Patrizio racconta sé stesso, la sua scrittura e la passione per i bar, luogo d'ispirazione o meglio «l'estensione del salotto, la camera che non hai...»
Patrizio Pinna, scrittore genovese classe 1968. E’ vegetariano e vive senza televisione da oltre 15 anni… Le sue grandi passioni sono Frank Zappa, Tom Waits, Bjork, gli Smiths e i scrittori contemporanei americani (in particolar modo la Beat Generation). Adora i bar e le atmosfere che si creano con i gomiti sul bancone e la mente che prende il largo… Scrive quasi esclusivamente di notte e si occupa principalmente di romanzi autobiografici e romanzi demenziali. La sua opera d’esordio “Mitote” (Chinaski Edizioni, novembre 2004), nasce dopo un sogno e regala a Patrizio visibilità e consensi.

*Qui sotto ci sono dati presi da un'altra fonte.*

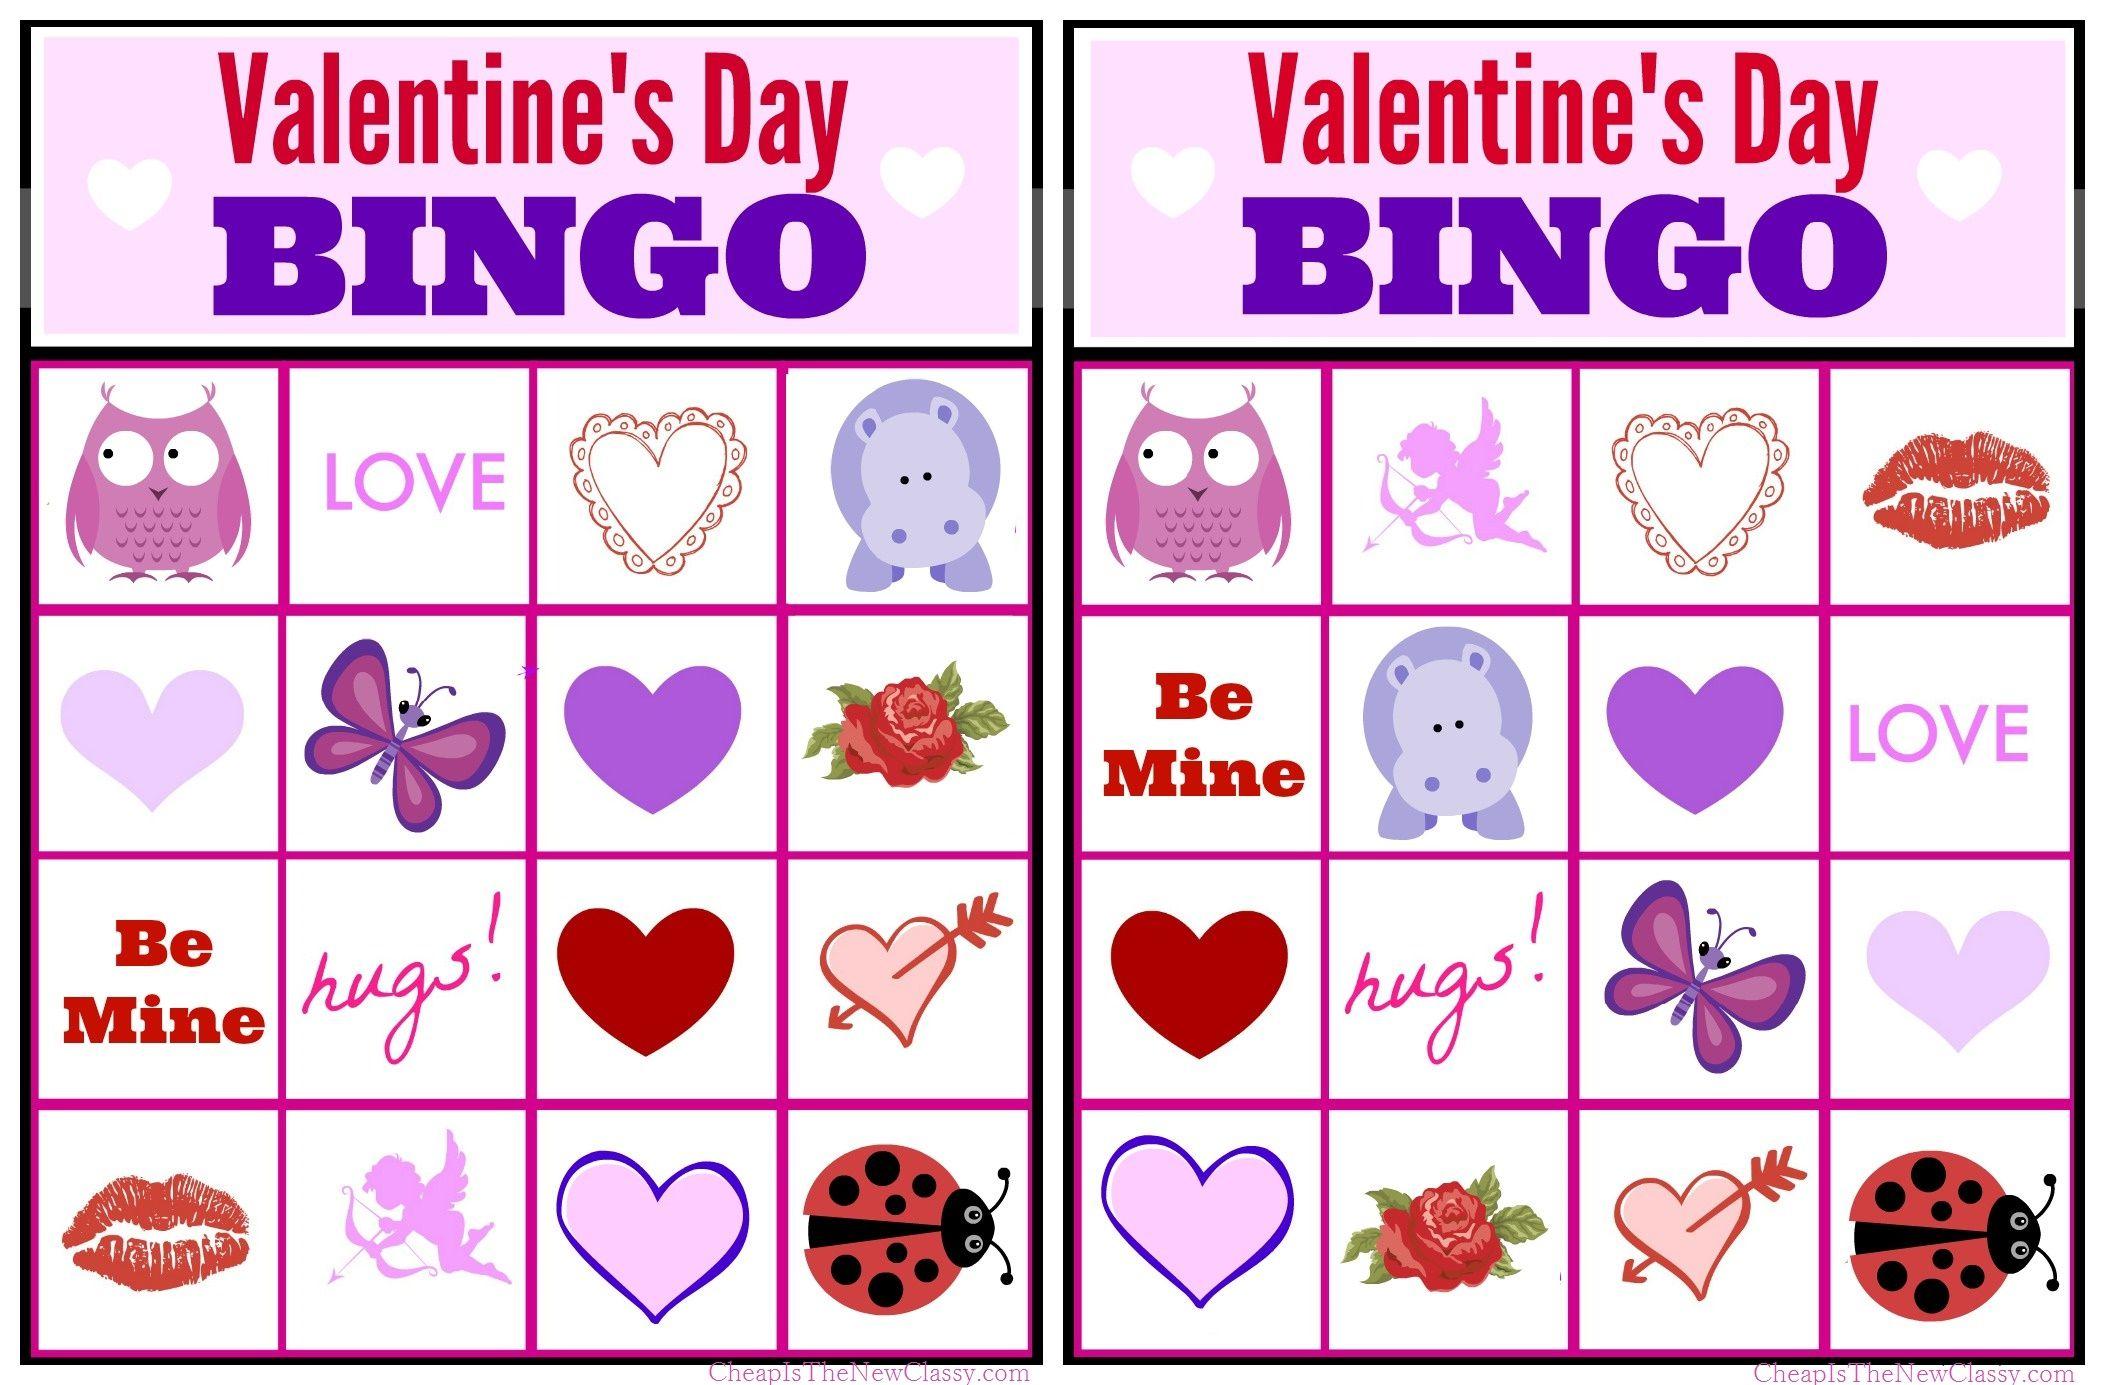 Valentines Day Ideas Valentine Bingo Game Printable For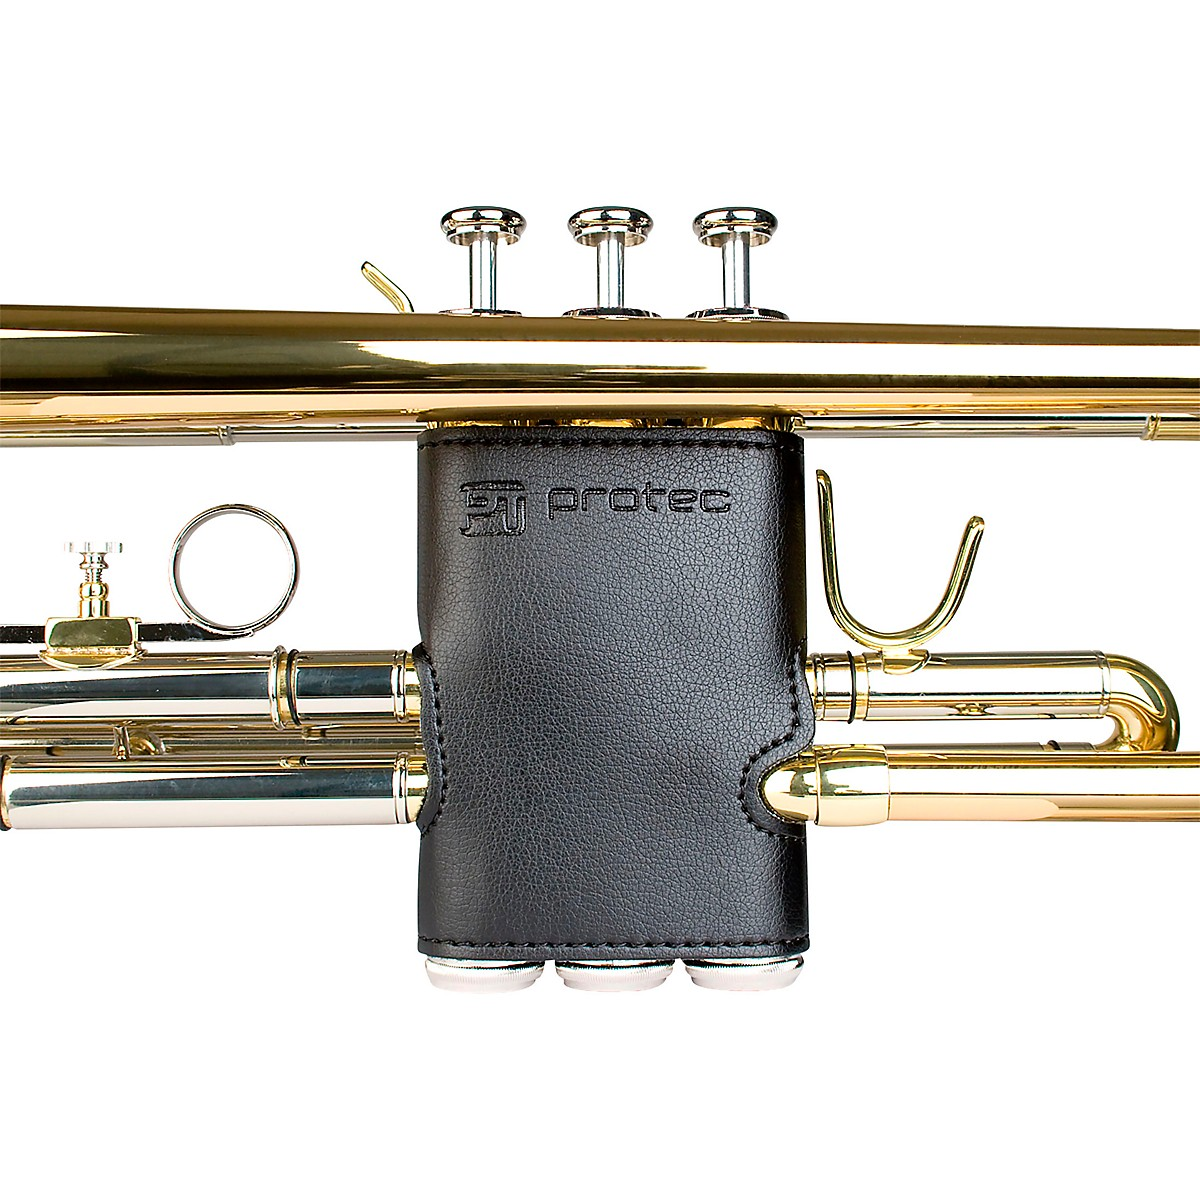 Protec Trumpet Leather Valve Guard

Oggi lo scrittore genovese ha deciso di curare personalmente la produzione e la distribuzione delle proprie opere.
Cos’è la memoria per te? Io mi difendo dalla memoria nel senso che non la alimento. Ho parecchie cose che potrebbero crearmi dei problemi ma vengono automaticamente rimosse. Ho pochissima memoria e questo è il mio meccanismo di difesa.
Dove cerchi le tue idee? Non c’è bisogno… L’autobiografico è autobiografico… Puoi romanzare, puoi fare un tuo collega più rock n roll di quello che sarebbe, un personaggio femminile diventa spaziale…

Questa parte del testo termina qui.